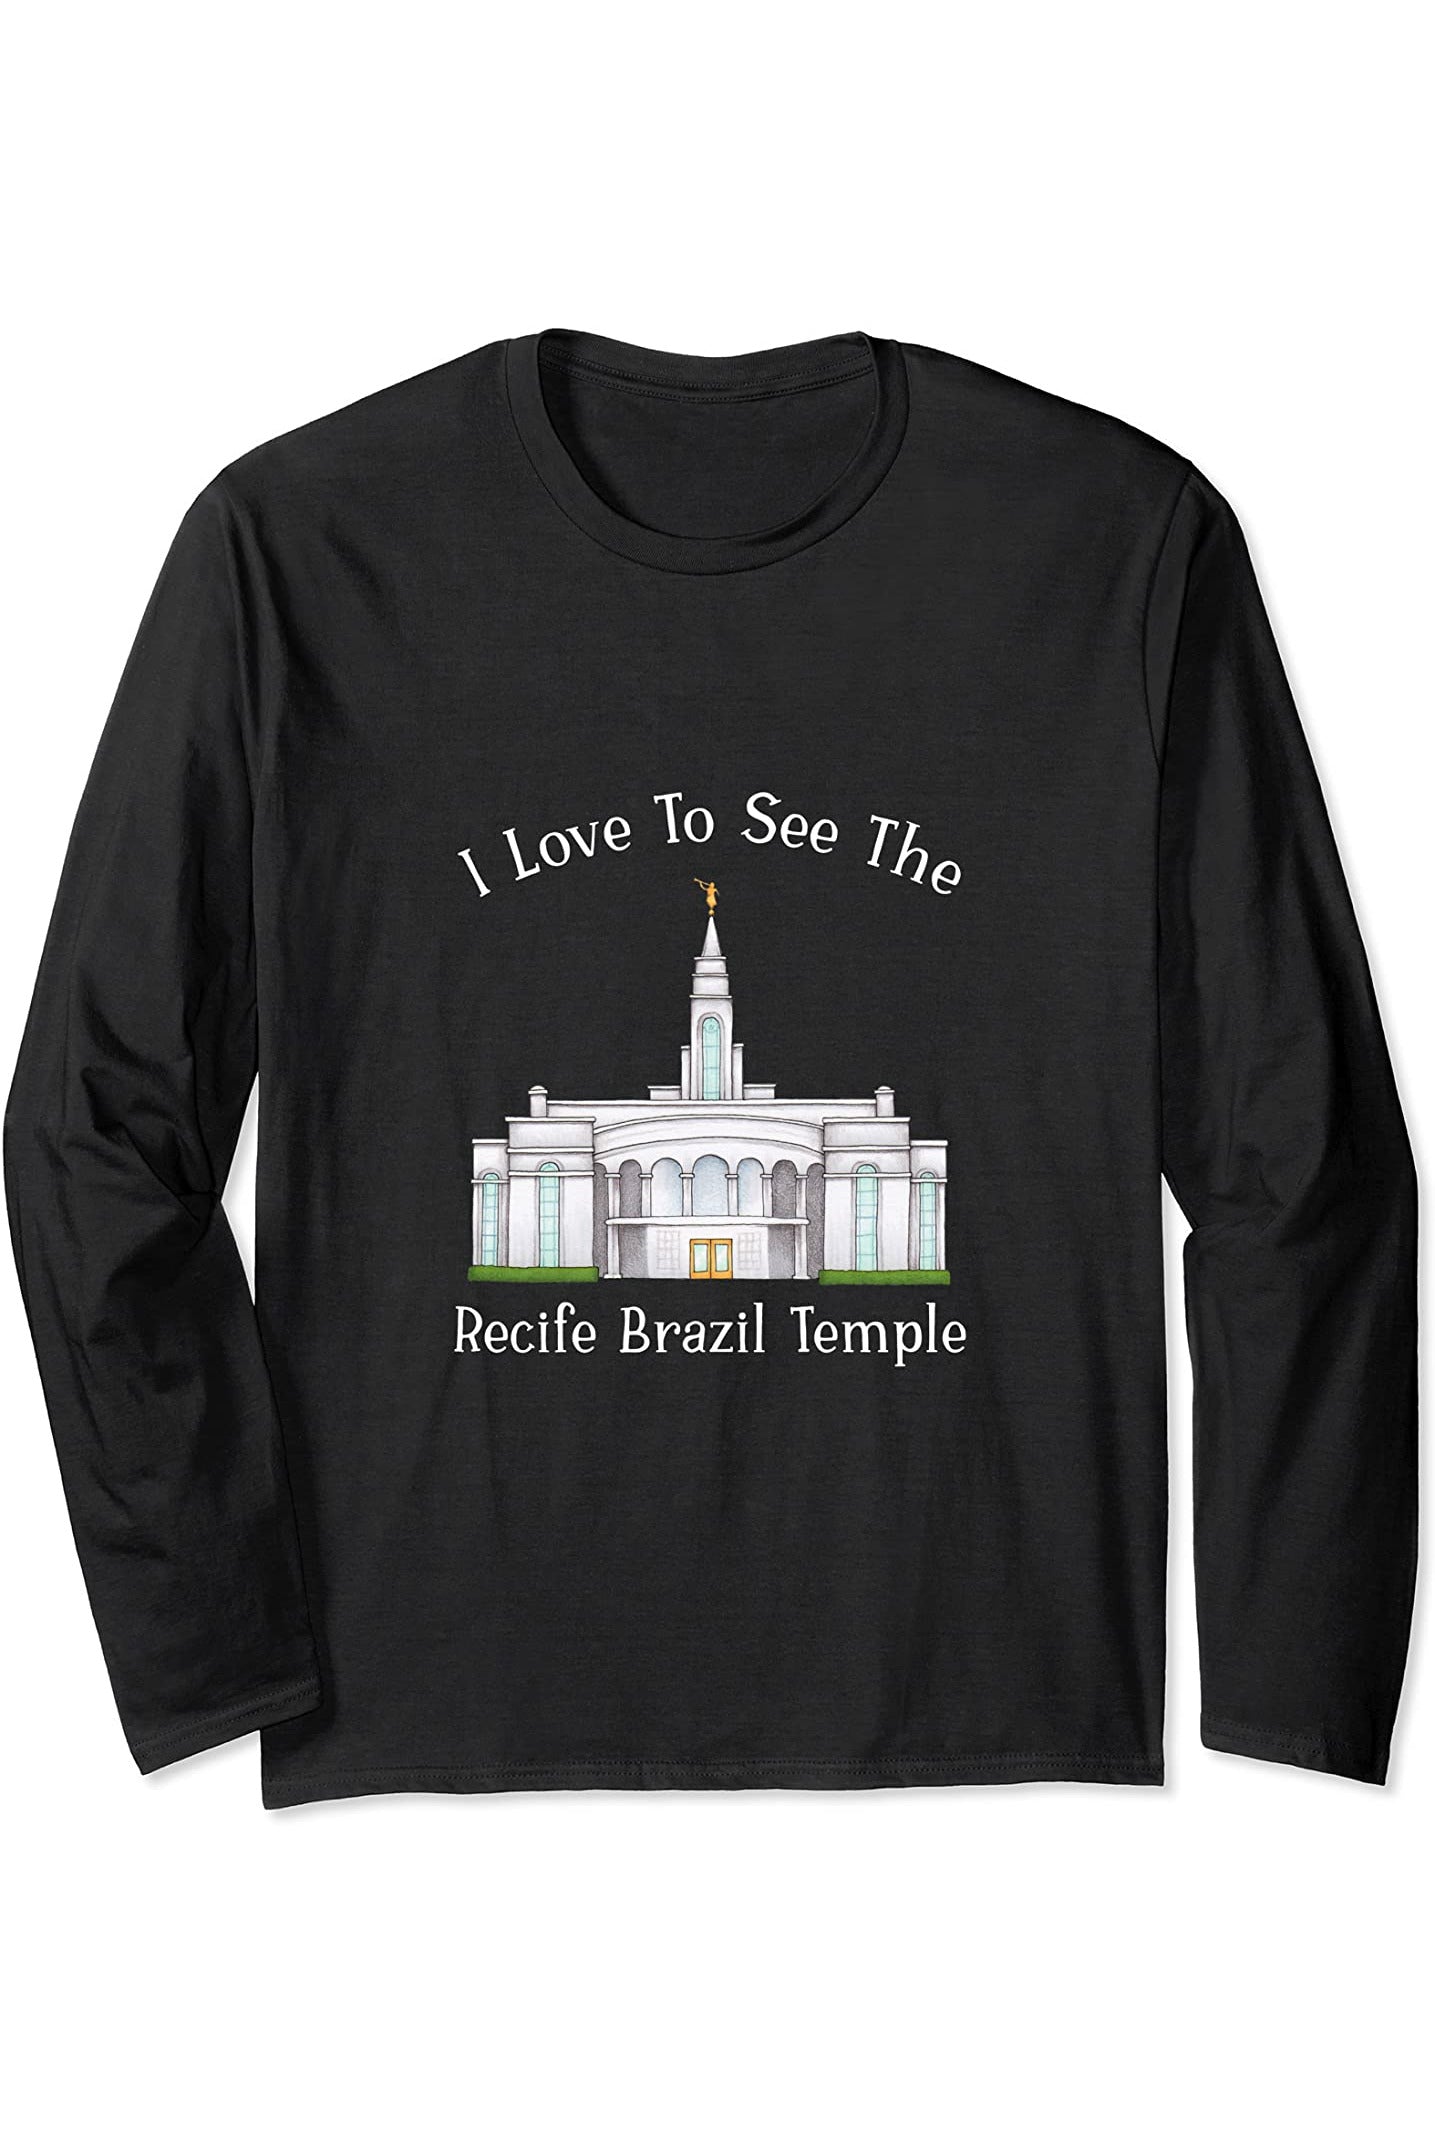 Recife Brazil Temple Long Sleeve T-Shirt - Happy Style (English) US
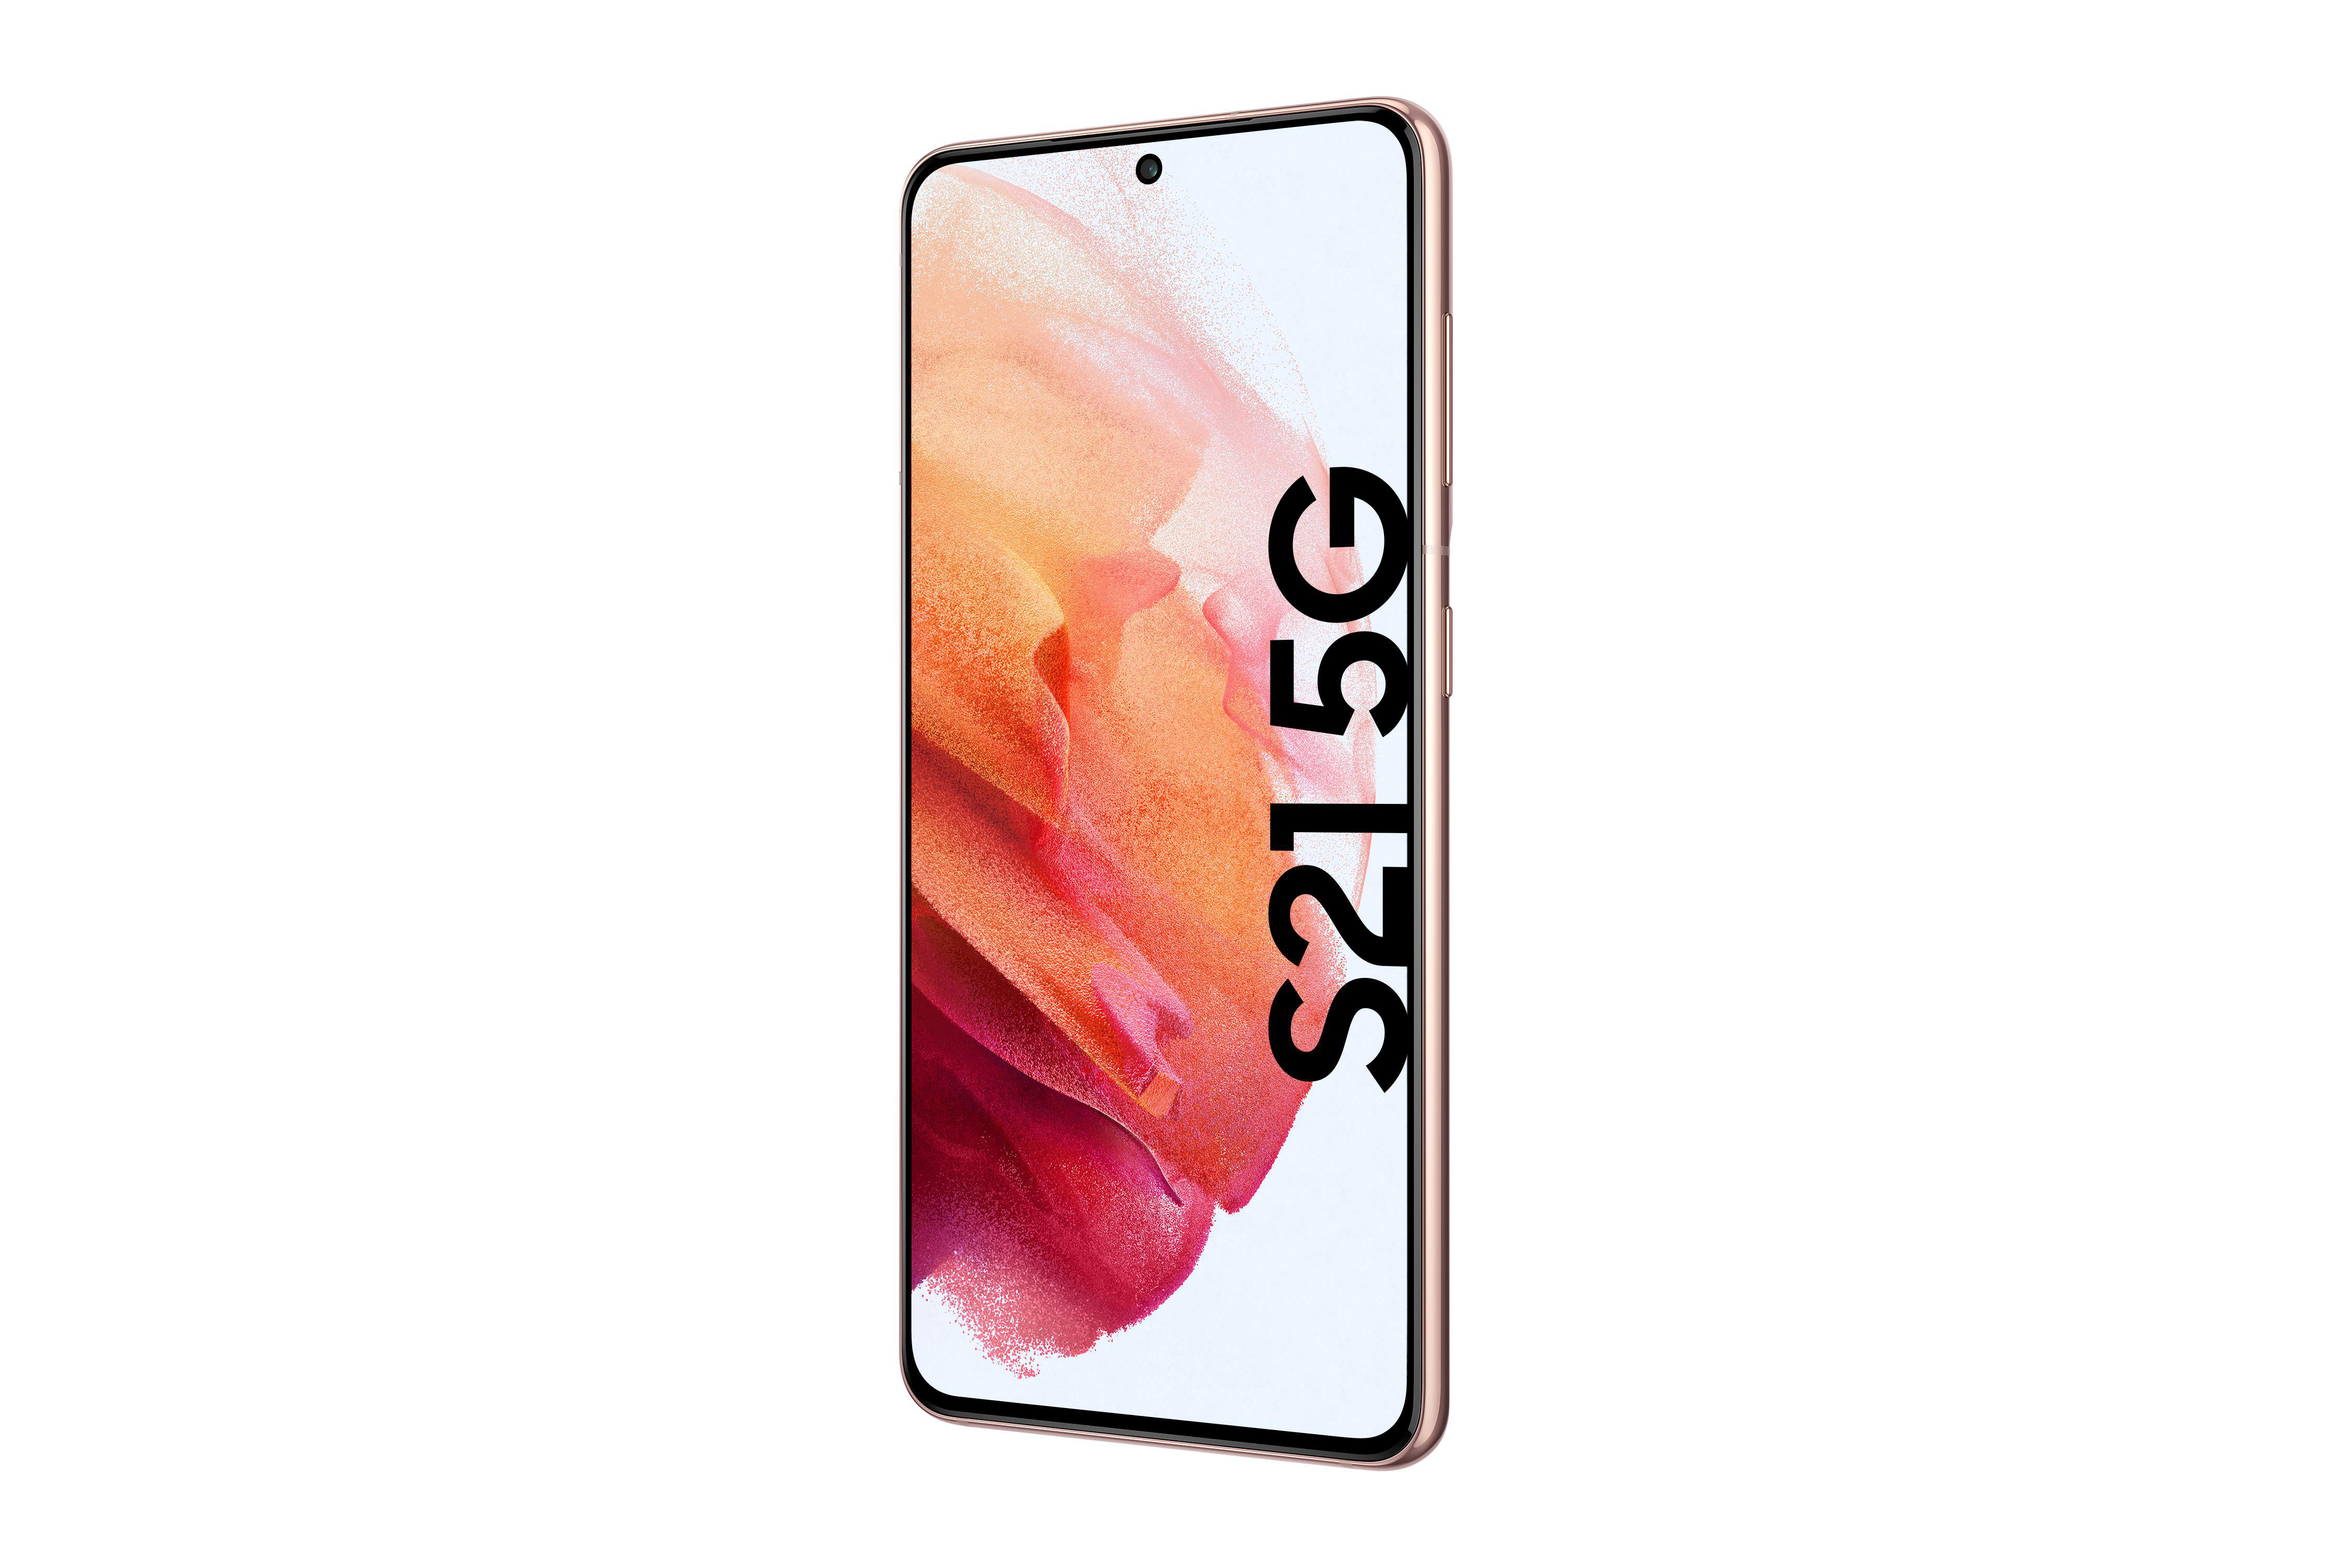 SAMSUNG Galaxy S21 5G Dual SIM Phantom Pink GB 256
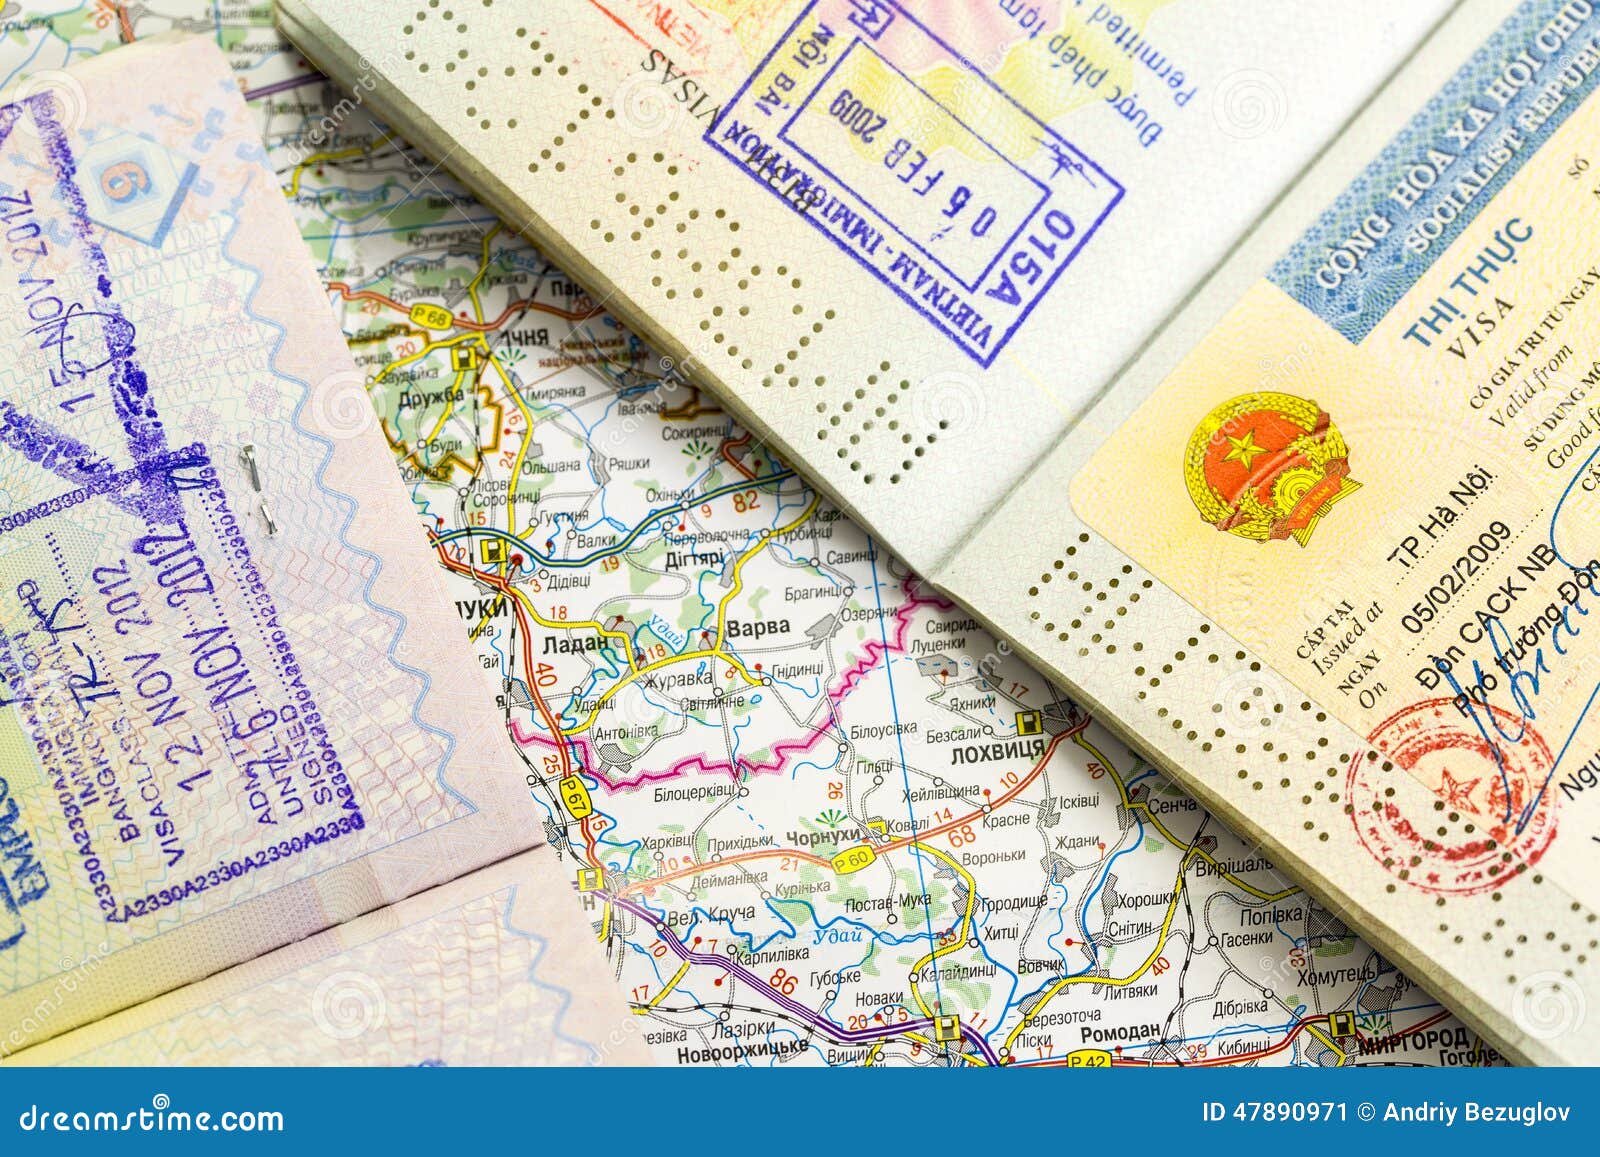 How to Get Vietnam Visa in Bangkok, Thailand?  Vietnam Visa Requirements, Process, and Tips

Task prompt: Would you provide an exact, picture-free copy of the data above?

Task response:
 Recife Brazil Temple Long Sleeve T-Shirt - Happy Style (English) US
 SAMSUNG Galaxy S21 5G Dual SIM Phantom Pink GB 256
 How to Get Vietnam Visa in Bangkok, Thailand?  Vietnam Visa Requirements, Process, and Tips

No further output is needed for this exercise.